Однозначно определить чувства невозможно. Некоторые, например радость, способны принести боль почти такую же, как и счастье. Другие, например долг, просто безмолвно присутствуют в нашей жизни, делая ее более сложной, но в то же время и более достойной и созвучной нашим ценностям.
«Очень немногие примеры счастья, описанные в автобиографической и художественной литературе, можно оценить психологическими или неврологическими методами. Современные методы оценки счастья охватывают преимущественно философские и религиозные взгляды на природу счастья и на ту роль, какую счастье играет в жизни человека», — пишет философ из Гарварда Сиссела Бок в своей книге «Исследуя счастье».
И действительно, опыт родительства остро вскрывает всю поверхностность нашей одержимости счастьем, которая обычно заставляет нас стремиться к удовольствиям и наслаждениям. Воспитание детей заставляет нас переоценить эту одержимость и переопределить (или хотя бы расширить) фундаментальные представления о том, что такое счастье.
То, к чему американцев постоянно призывают стремиться, оказывается ложным убеждением. (Вспомните фразу из фильма «Индиана Джонс в поисках утраченного ковчега»: «Они копают не в том месте».) В родительстве — в процессе осознания своей новой роли в эпоху, когда ребенок превратился в величайшую драгоценность, в процессе исполнения своей роли в культуре, которая почти не обеспечивает поддержки работающих и неработающих родителей, — нам стоит задаться вопросом: а в том ли месте мы копаем и что именно мы находим?

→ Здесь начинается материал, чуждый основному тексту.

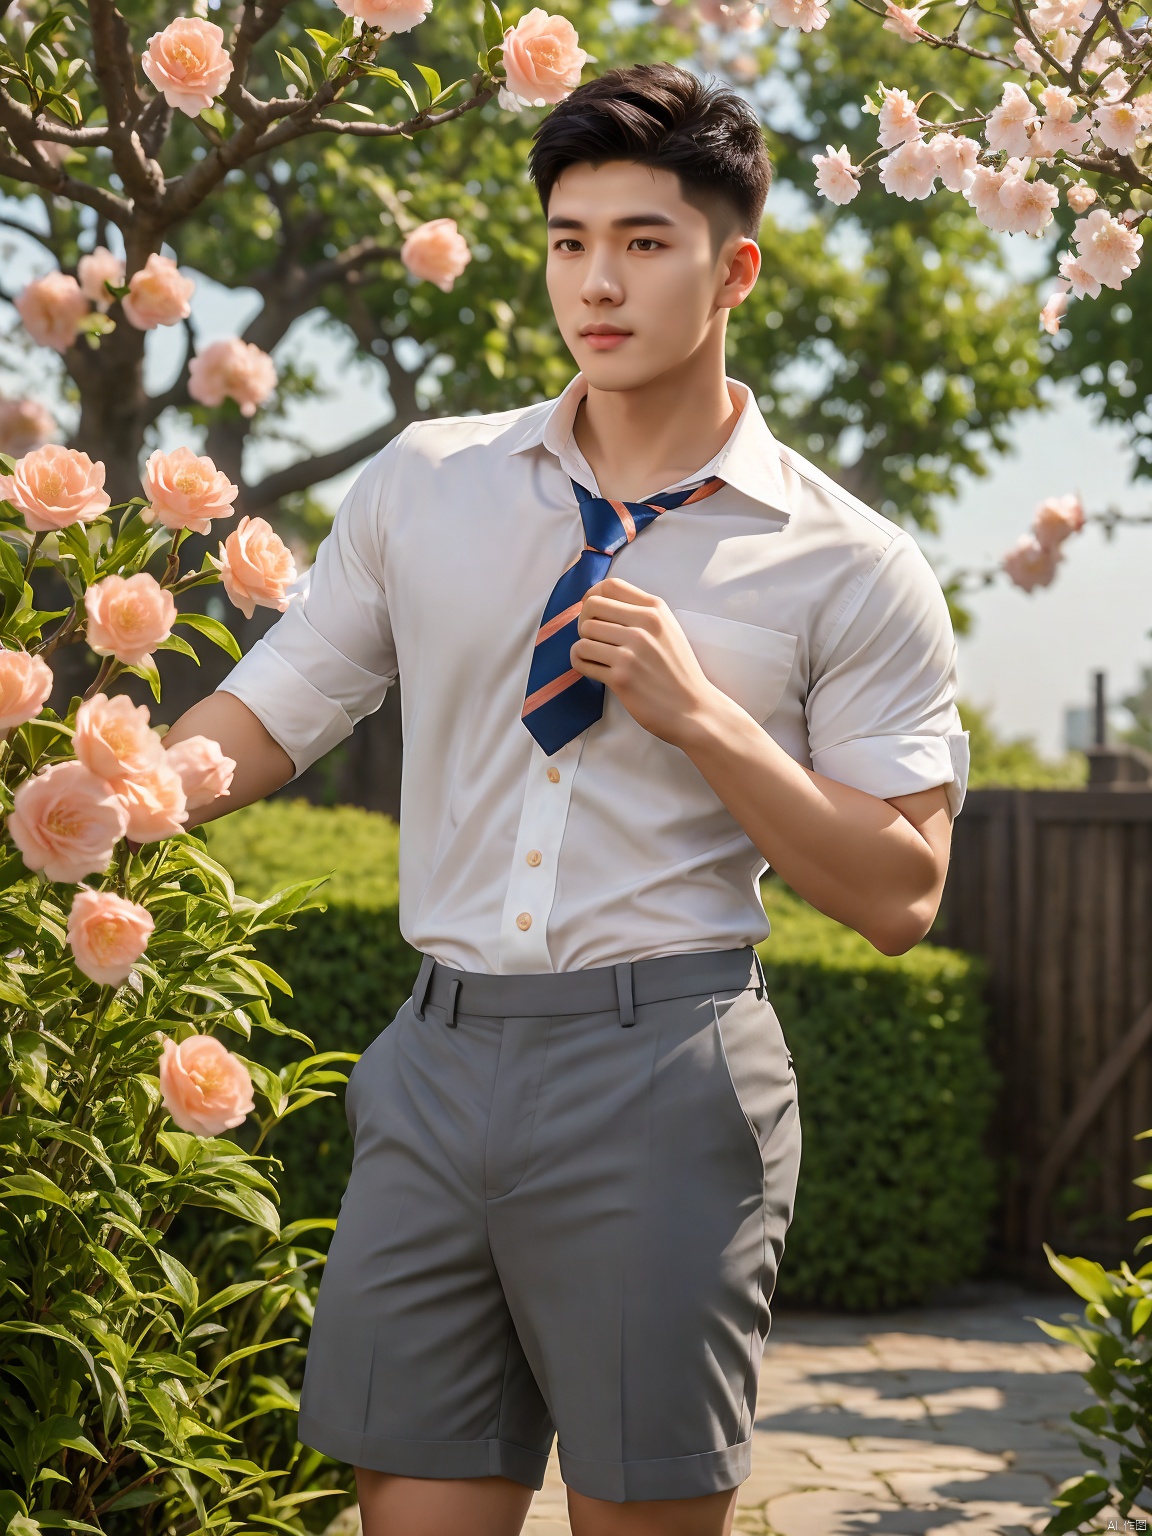  masterpiece,1 boy,Young,Handsome,Look at me,Short hair,Tea hair,Students,White shirt,Striped tie,Gray shorts,Stand,Outdoor,Garden,Peach tree,Flying petals,Light and shadow,HDR,textured skin,super detail,best quality,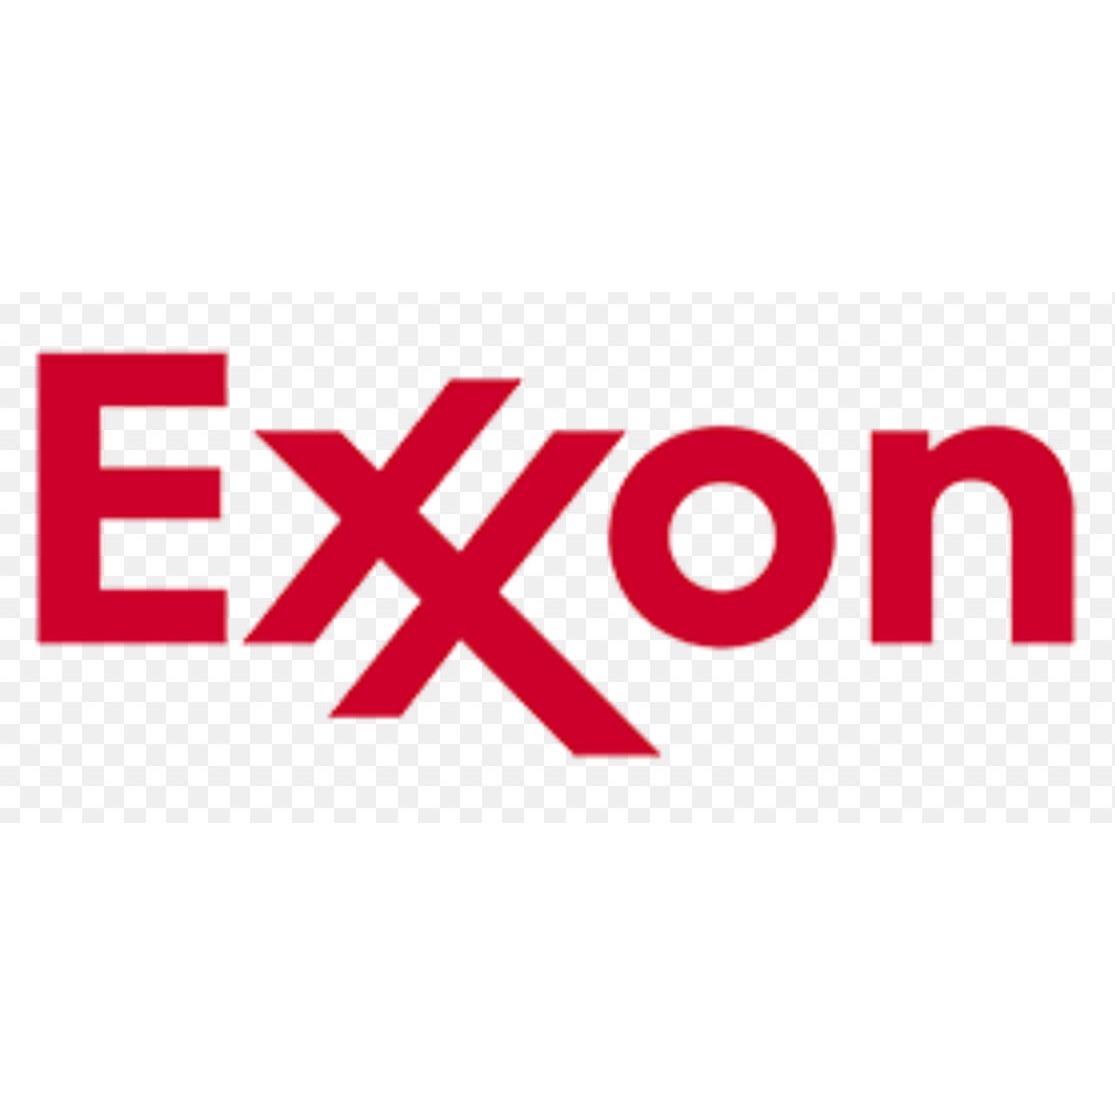 Exxon - Hagerstown, MD 21740 - (301)745-5131 | ShowMeLocal.com

Давайте начнем с радости. Не только Мэрилин использовала это слово для описания своего родительского опыта. Об этом говорили практически все родители. Но ни один человек не продумывал идею радости так тщательно и серьезно, как Джордж Вейллант.
Вейллант — психиатр по образованию и поэт-философ по характеру. Он на протяжении нескольких десятилетий руководил одним из самых продолжительных и амбициозных исследований в области социологии — исследования Гранта.
С 1939 года ученые изучали одну и ту же группу — тех, кто в том году поступил в Гарвард. Ученые собирали информацию обо всех аспектах их жизни (к этому времени и смерти). Неудивительно, что Вейллант анализирует счастье в перспективе, не сосредоточиваясь на сиюминутности.
«Жизни этих людей были слишком человечными для науки, — написал он о тех, кто принял участие в исследовании, — слишком прекрасными, чтобы выразить их в цифрах, слишком печальными для диагностики и слишком бессмертными для сухих профессиональных журналов».
Я познакомилась с Вейллантом в Бостоне. На нем был веселенький синий свитер с дырками, вполне соответствующий его жизнерадостному, слегка абстрактному настрою. У него густые брови, яркие, живые глаза и необычная для человека, которому семьдесят семь лет, великолепная осанка.
«Ваше поколение не может представить себе мира без привязанности, — сказал он мне. — Но вот что интересно: раньше, когда бихевиористы писали о любви, то все сводилось к сексу».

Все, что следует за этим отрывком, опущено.